WORK TO COMPLETE: Please, without any pictures, set down exactly the part of the listing below that opens with the line containing "Surface Studio on desk in studio mode" and closes with the line containing "SAKO, Heddal kirkebøker, G/Ga/L0003: Klokkerbok".

DATA SHOWN:

^^^^^^^^^^^^^^^^

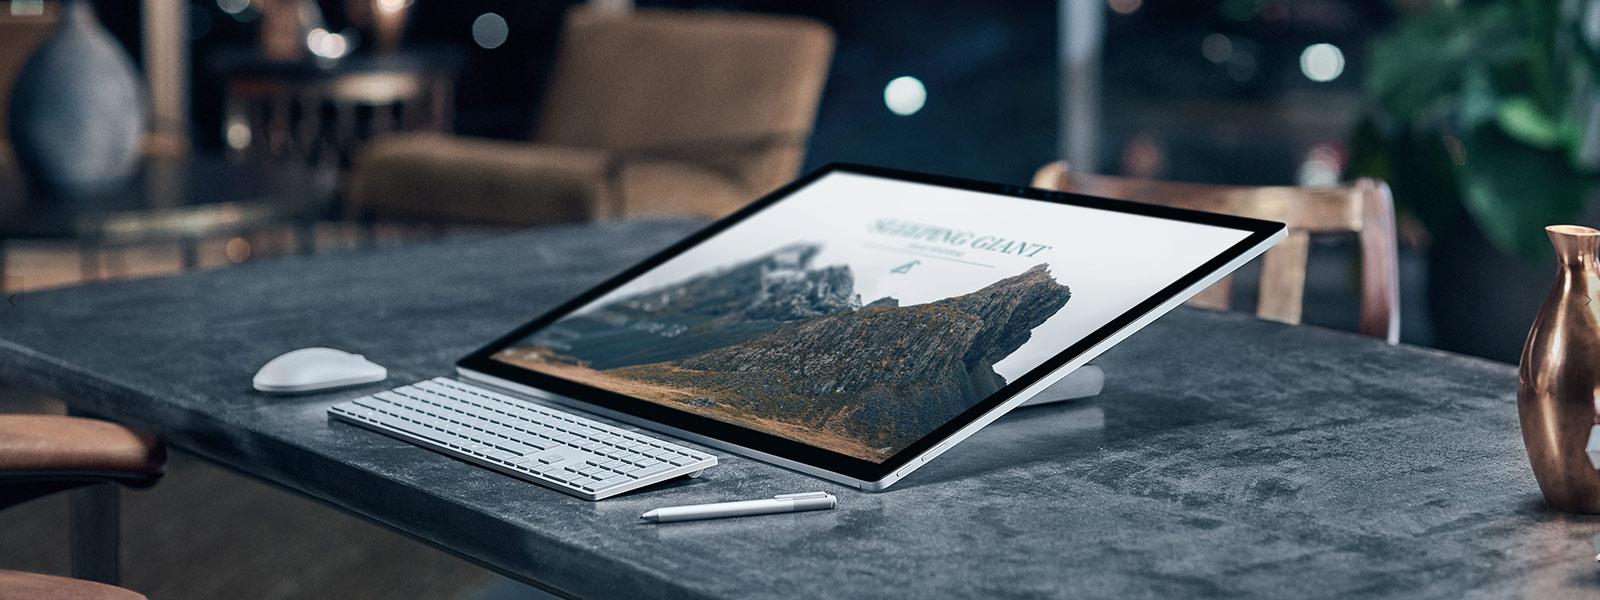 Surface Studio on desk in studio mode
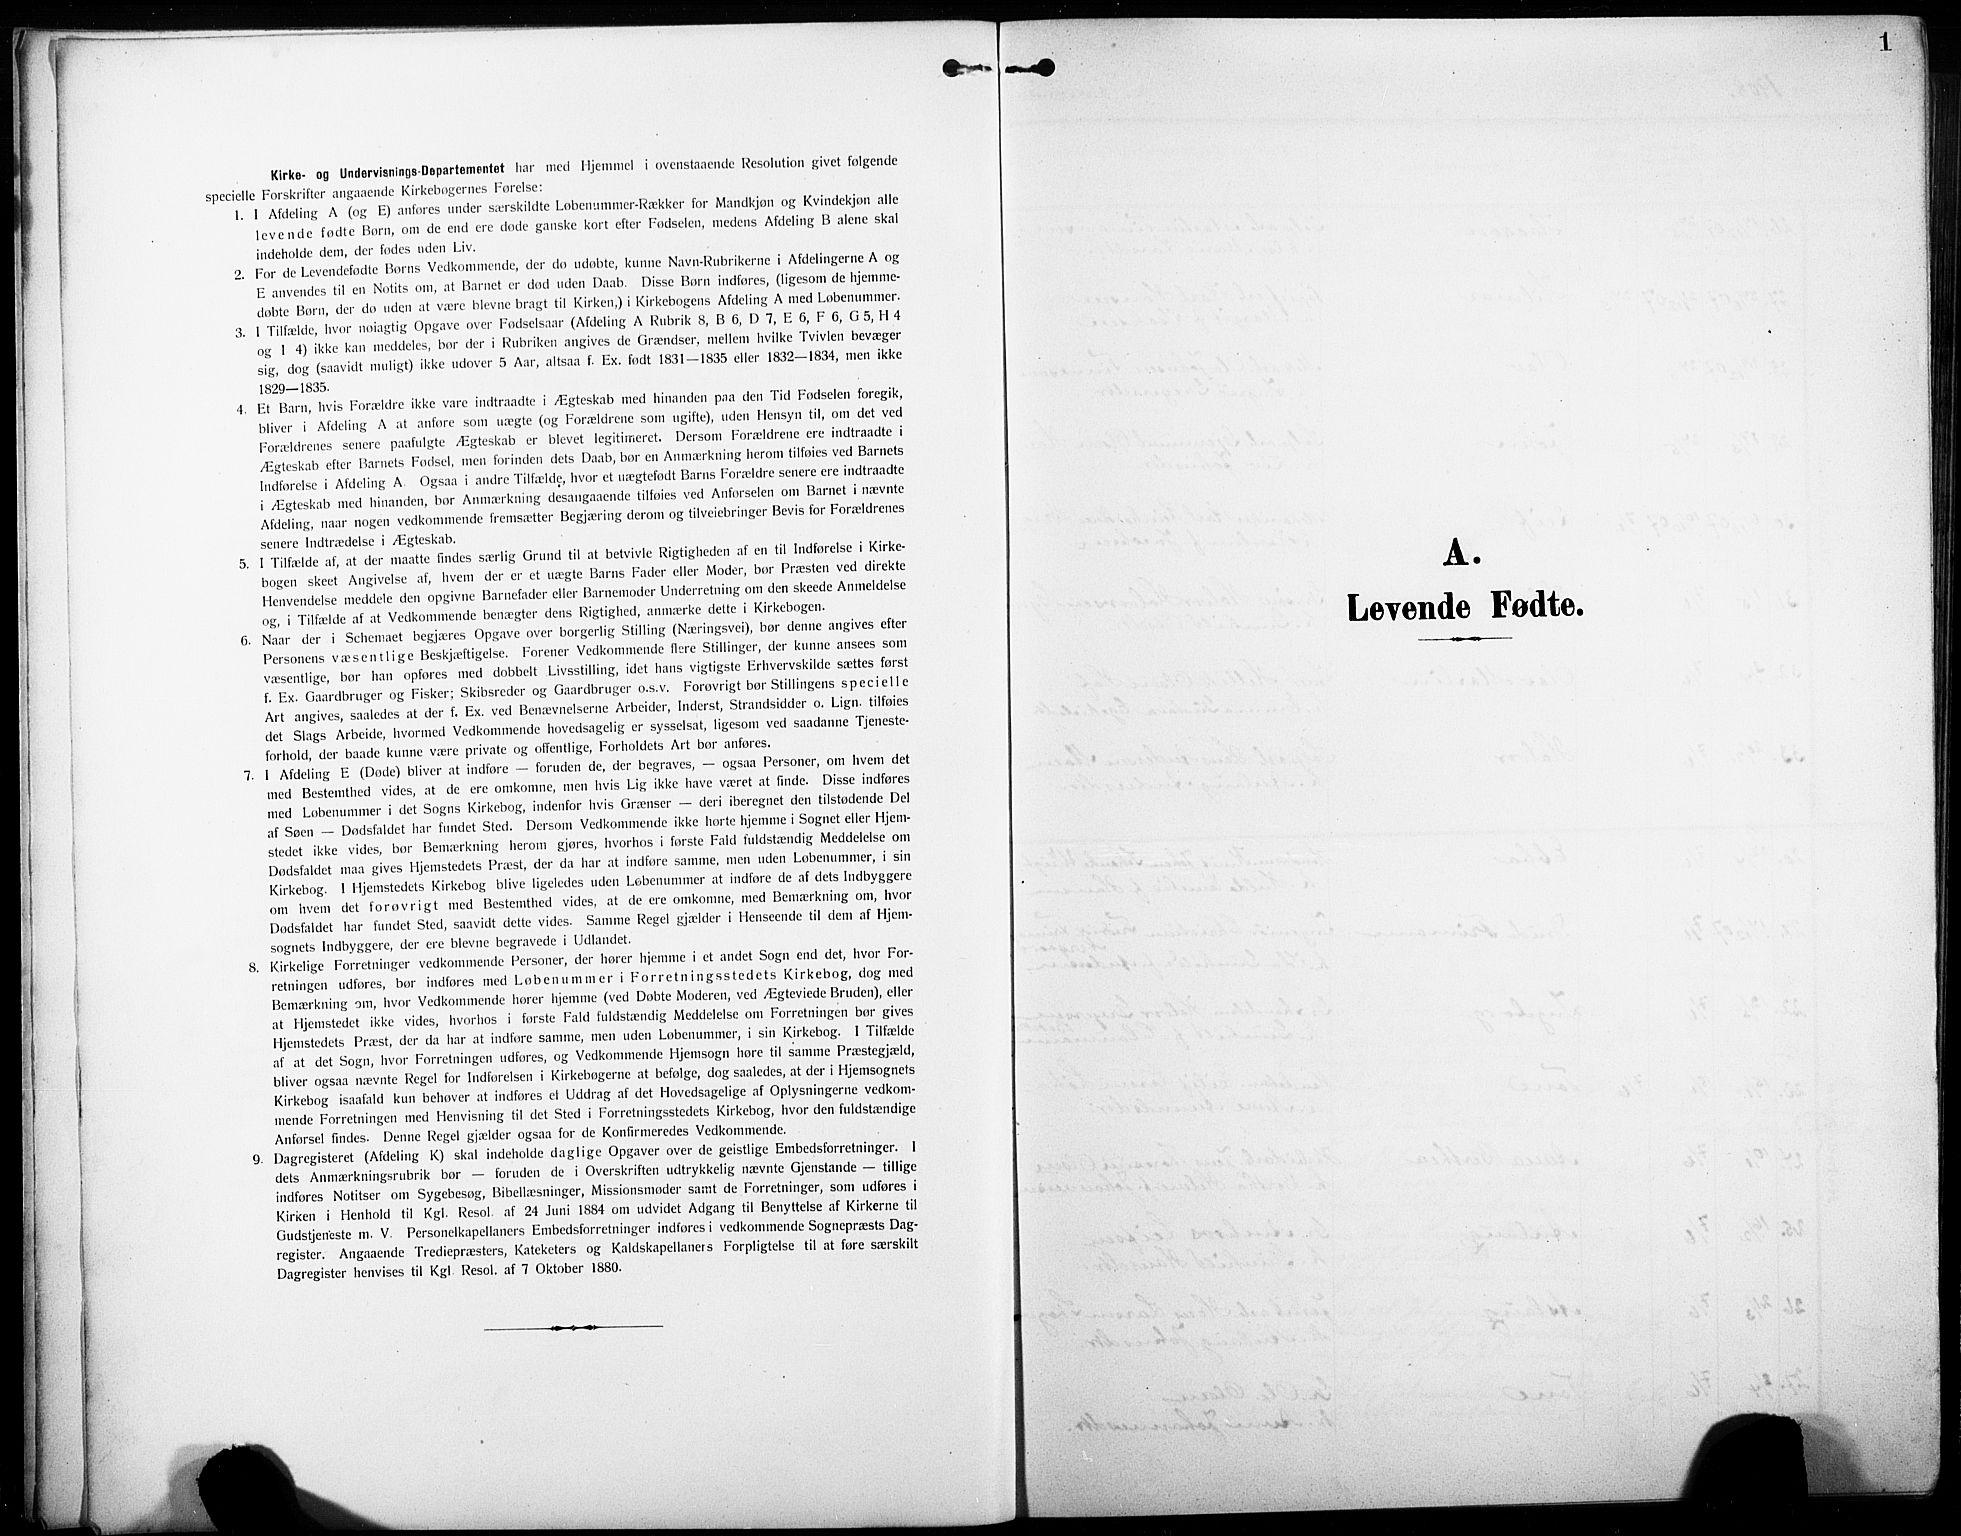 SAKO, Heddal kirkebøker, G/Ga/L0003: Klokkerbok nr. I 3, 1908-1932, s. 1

^^^^^^^^^^^^^^^^

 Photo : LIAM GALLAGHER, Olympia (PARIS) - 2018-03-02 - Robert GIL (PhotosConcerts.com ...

^^^^^^^^^^^^^^^^

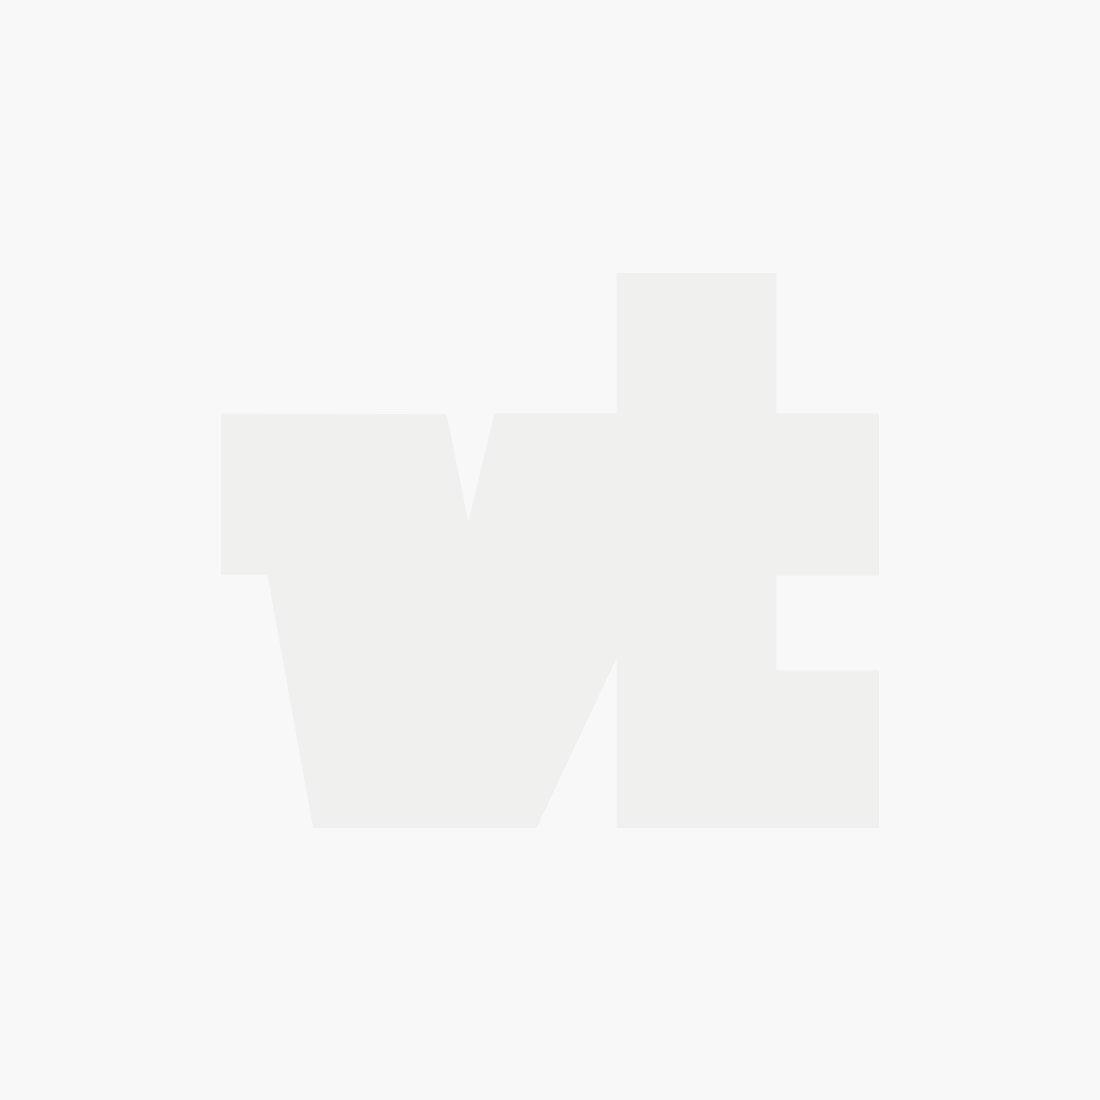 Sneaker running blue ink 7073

^^^^^^^^^^^^^^^^

YOUR SOLUTION:
 Surface Studio on desk in studio mode
 SAKO, Heddal kirkebøker, G/Ga/L0003: Klokkerbok nr. I 3, 1908-1932, s. 1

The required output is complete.